Grohl, who grew up in a low-income family with a lot of maternal love, believes he had ADHD because of his restlessness and inability to channel his natural curiosity into good grades. While his mother, whom he adores, encouraged him to seize the day, Grohl’s divorced father disowned him when he dropped out of school to join the punk band Scream, which played venues Grohl was not legally permitted to enter due to his age (he had lied to get the gig).
As with many memoirs, artists’ origin stories can ring far louder than their triumphs laps; Grohl’s is no exception. Those years crammed into vans, living off fumes and the kindness of female mud wrestlers are some of the most vivid in my memory. The international punk ecosystem’s camaraderie and sudden violence are beautifully evoked as he lurches from high jinks with Italian tattooists to Dutch squat riots.

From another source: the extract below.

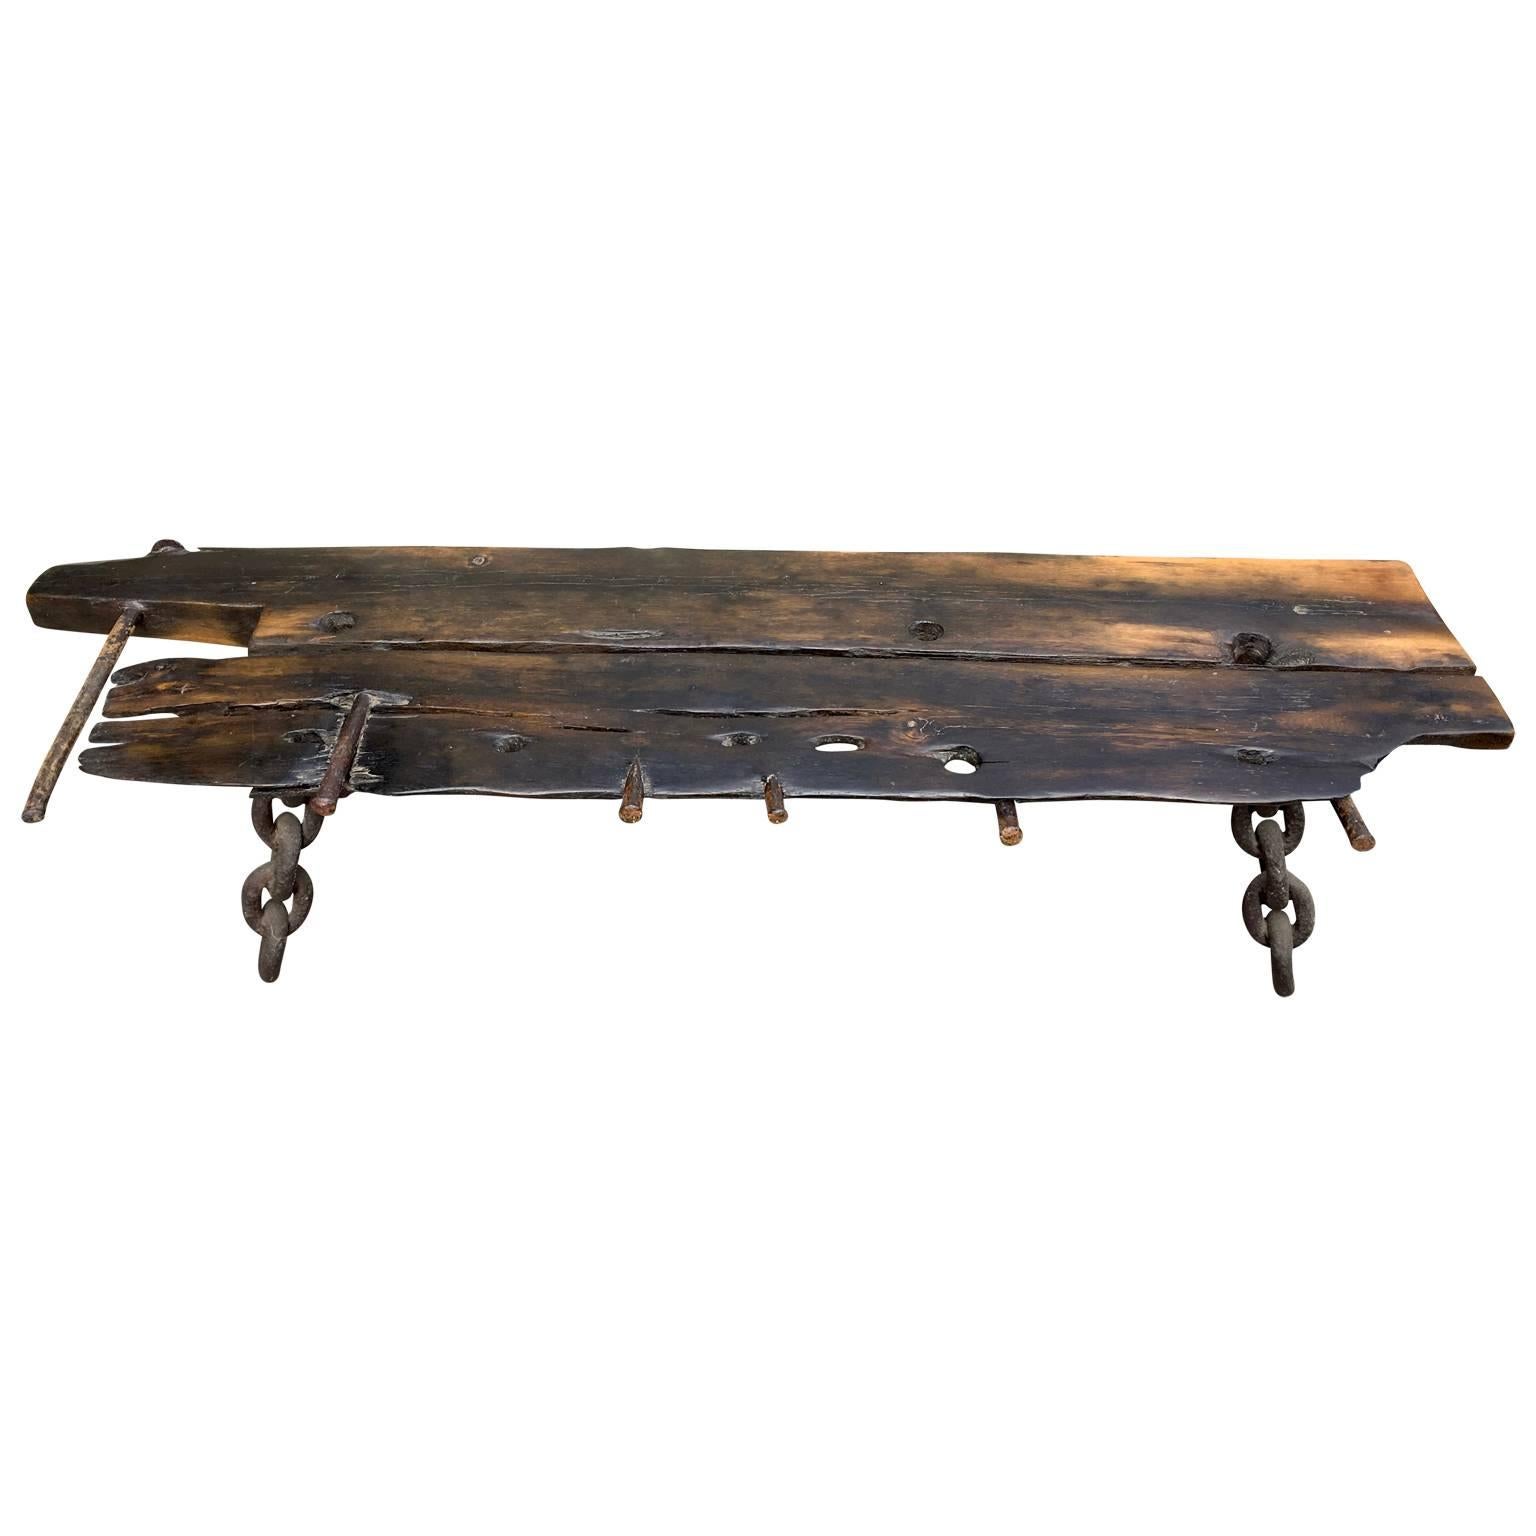 M. Stalker Long Studio Bench from Shipwreck Wood and Chain

With Scream suddenly defunct, Grohl hears through the grapevine that Nirvana, who were already well-known, was interested in him. His second secondment finds him (not) sleeping on Kurt Cobain’s couch, kept awake by a desperate terrarium tortoise’s butting. An emaciated Grohl survives on cheap corndogs from a gas station until his first paycheck arrives.
Nirvana
The band’s meteoric rise is thrilling and perplexing – until it isn’t. When Nirvana disbands, he declines a lucrative job playing drums for Tom Petty and the Heartbreakers in order to record Foo Fighters’ excellent debut album in a makeshift home studio, playing every instrument himself.
It is so rock’n’roll that he falls off a stage and breaks his leg at a Foo Fighters festival gig in Sweden in 2015, goes to the hospital, and then returns to finish the show. However, the A-list fun is less thrilling than when a very young Grohl is enlisted to play drums for Iggy Pop.
He is constantly grateful for his good fortune, meeting his idols and not being let down, and being delirious at playing in a supergroup, Them Crooked Vultures, with Led Zeppelin bassist John Paul Jones. And, while Grohl is a lively and thoughtful writer, his strange editorial decisions irritate me: the repetitions and the changes to a strange font when he wants to emphasize a point. That hand-holding contrasts with the cover image of a bespectacled rock elder statesman gazing maturely backward.